▸ DATASET ENTRIES
[Start of section]

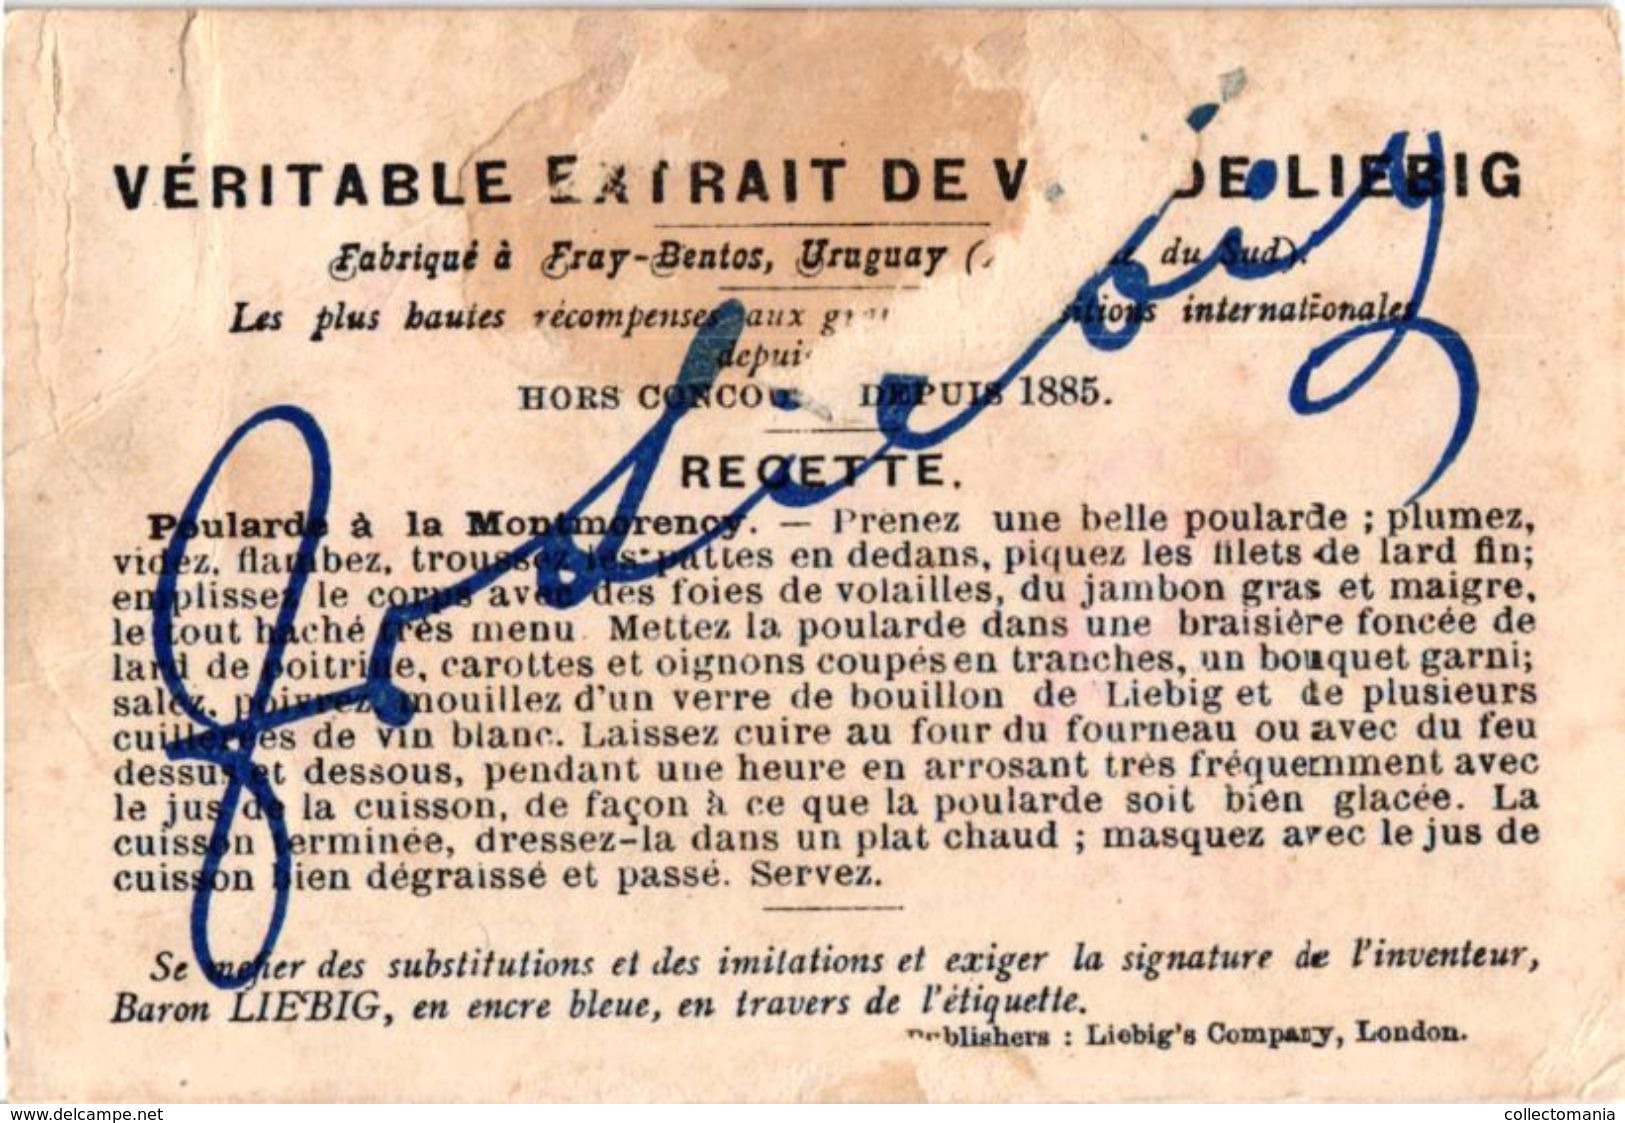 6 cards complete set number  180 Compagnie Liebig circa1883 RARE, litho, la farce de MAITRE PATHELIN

[End of section]
[Start of section]

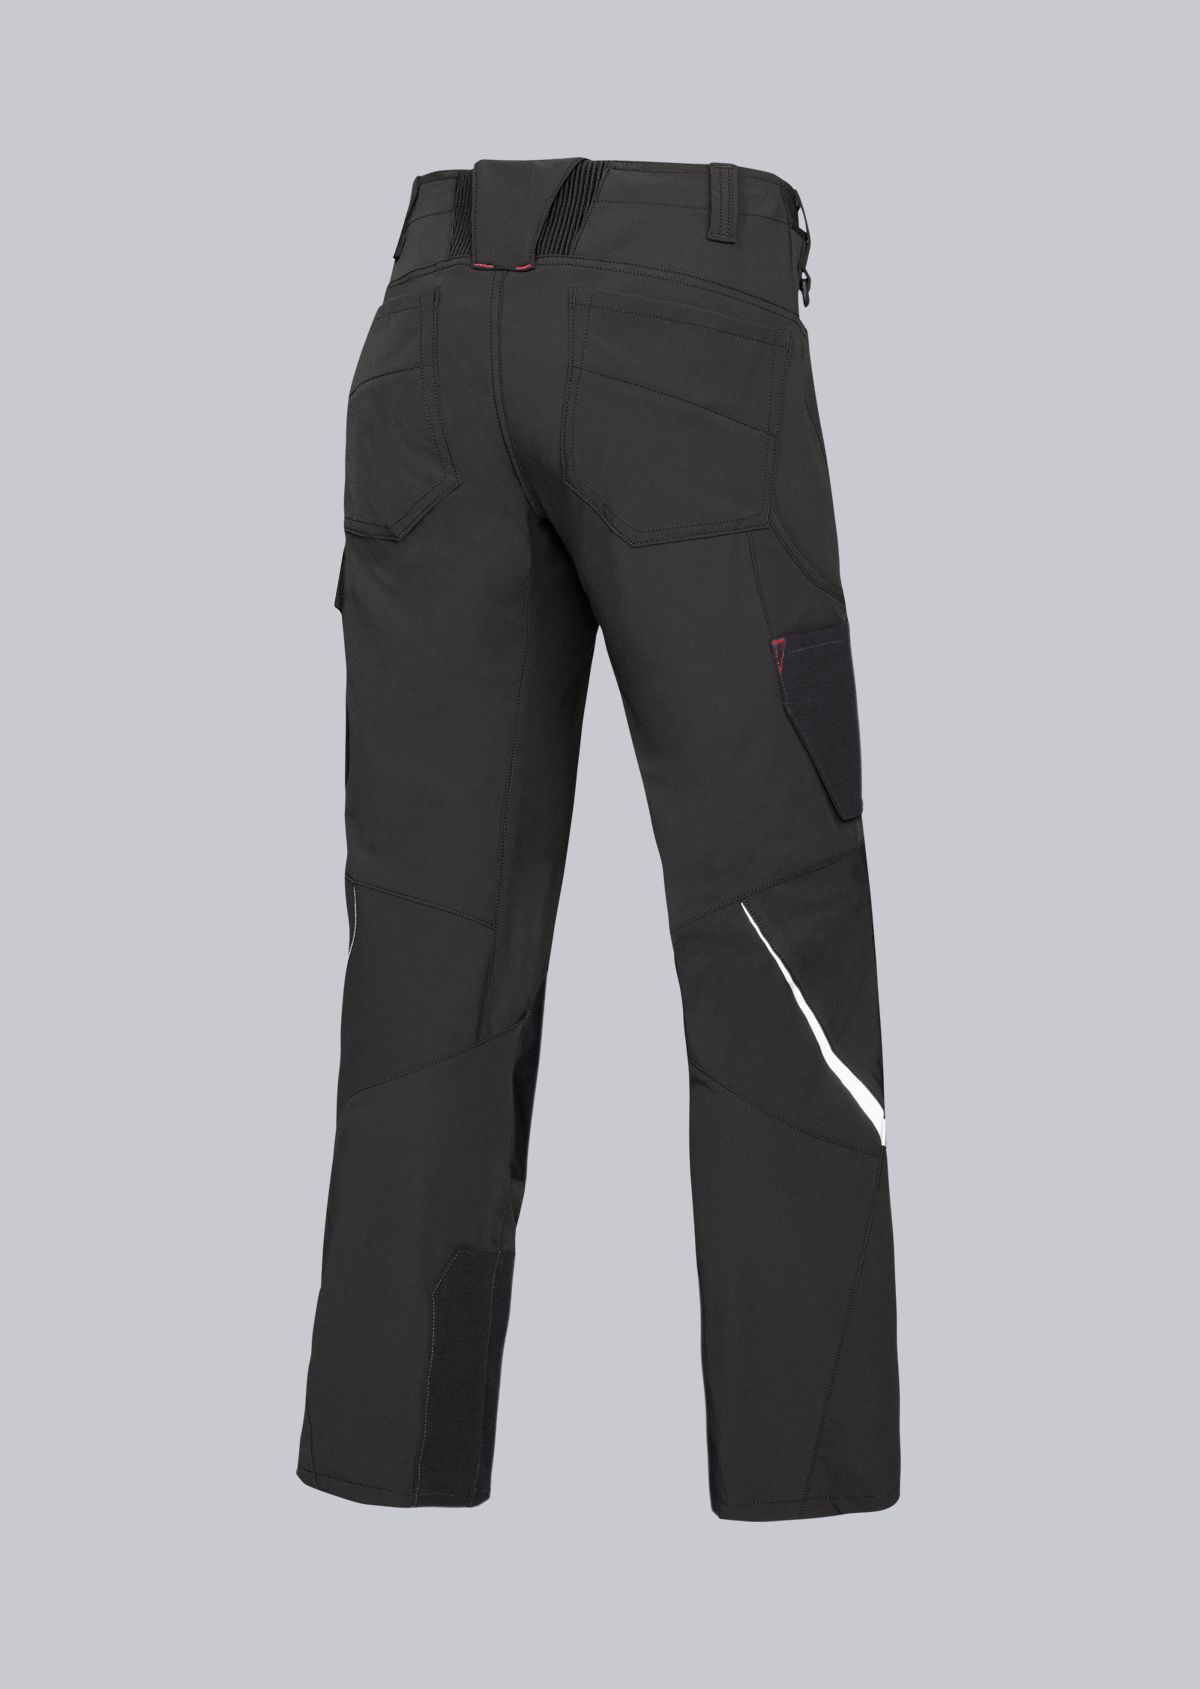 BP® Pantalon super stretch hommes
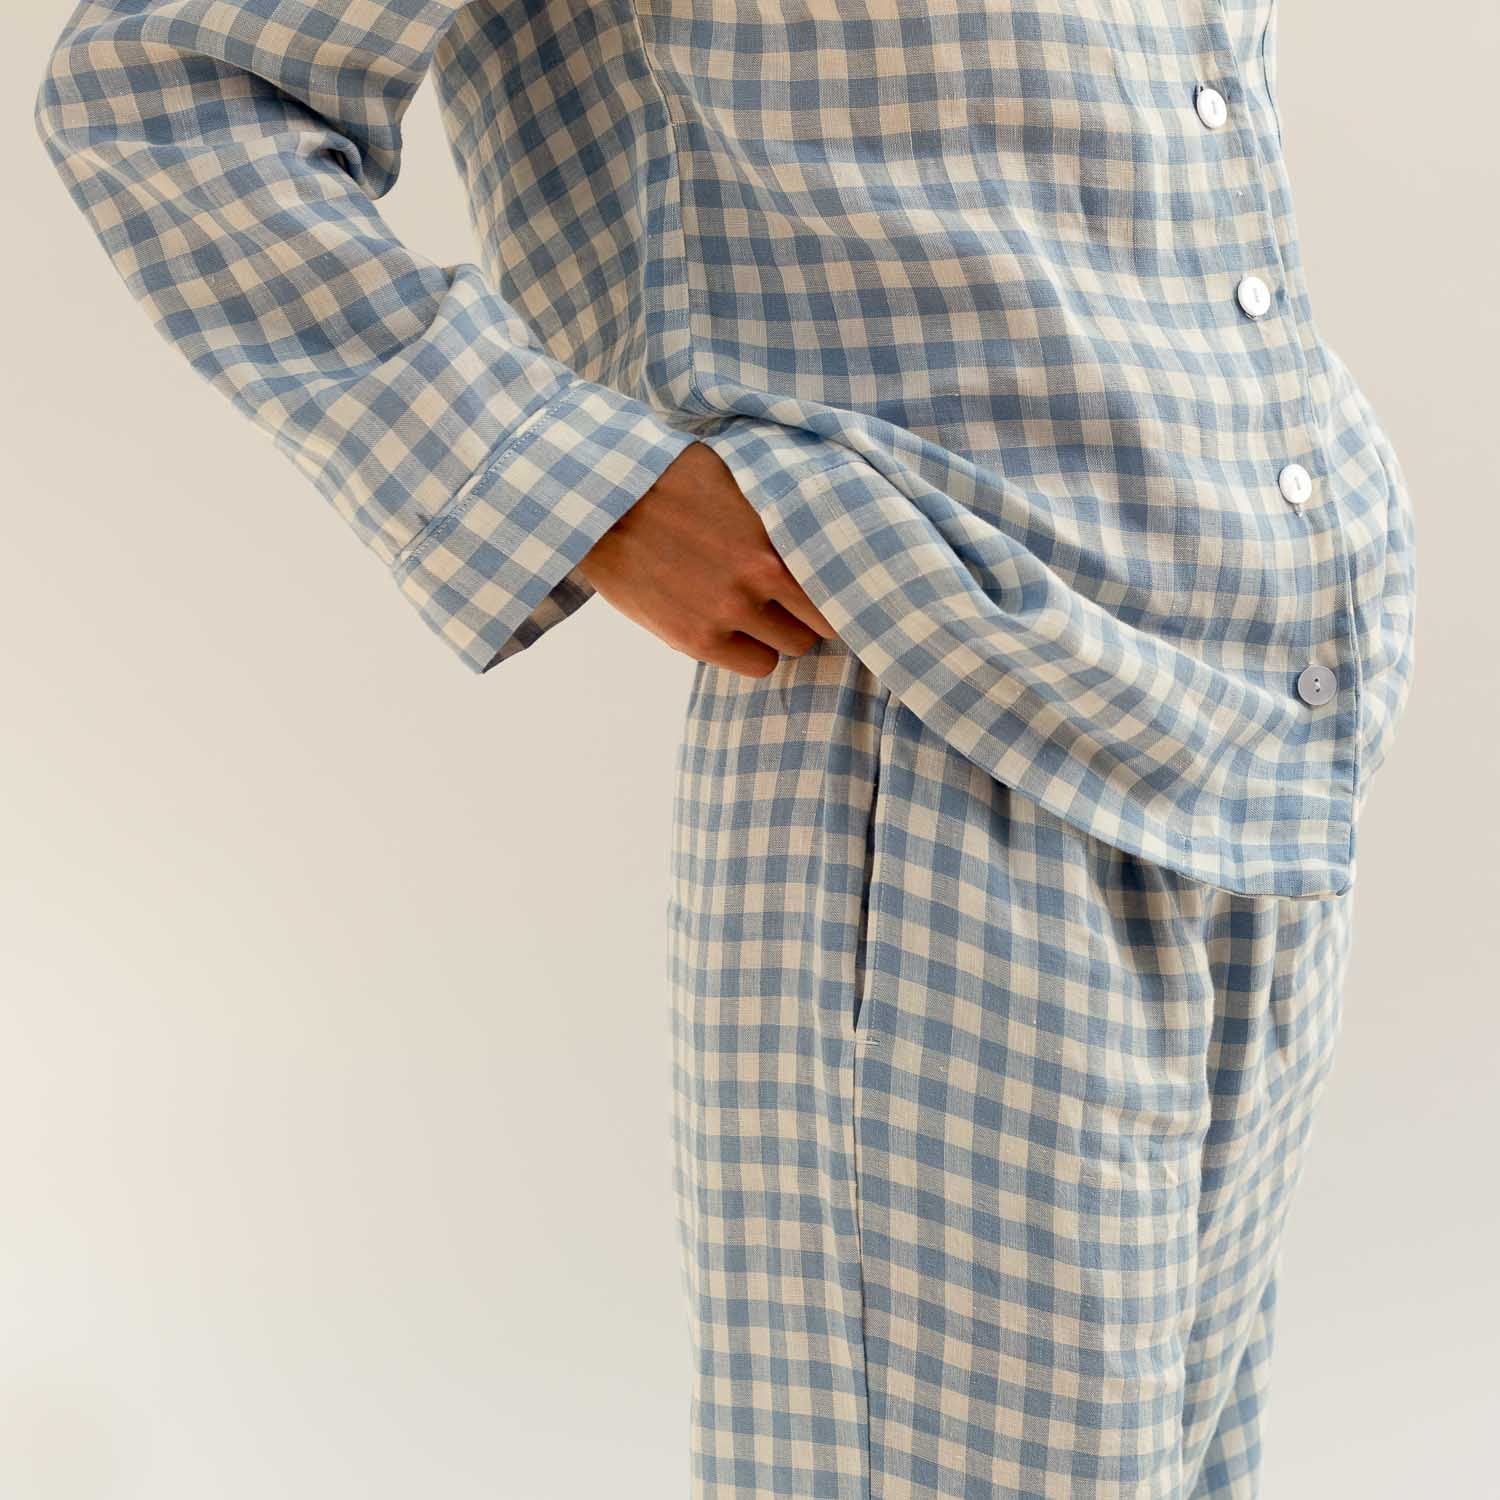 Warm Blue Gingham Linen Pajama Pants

[End of section]

From the records above, copy only the lines running from the line holding "BP® Pantalon super stretch hommes" through the line holding "Warm Blue Gingham Linen Pajama Pants", with no pictures.

 BP® Pantalon super stretch hommes
 Warm Blue Gingham Linen Pajama Pants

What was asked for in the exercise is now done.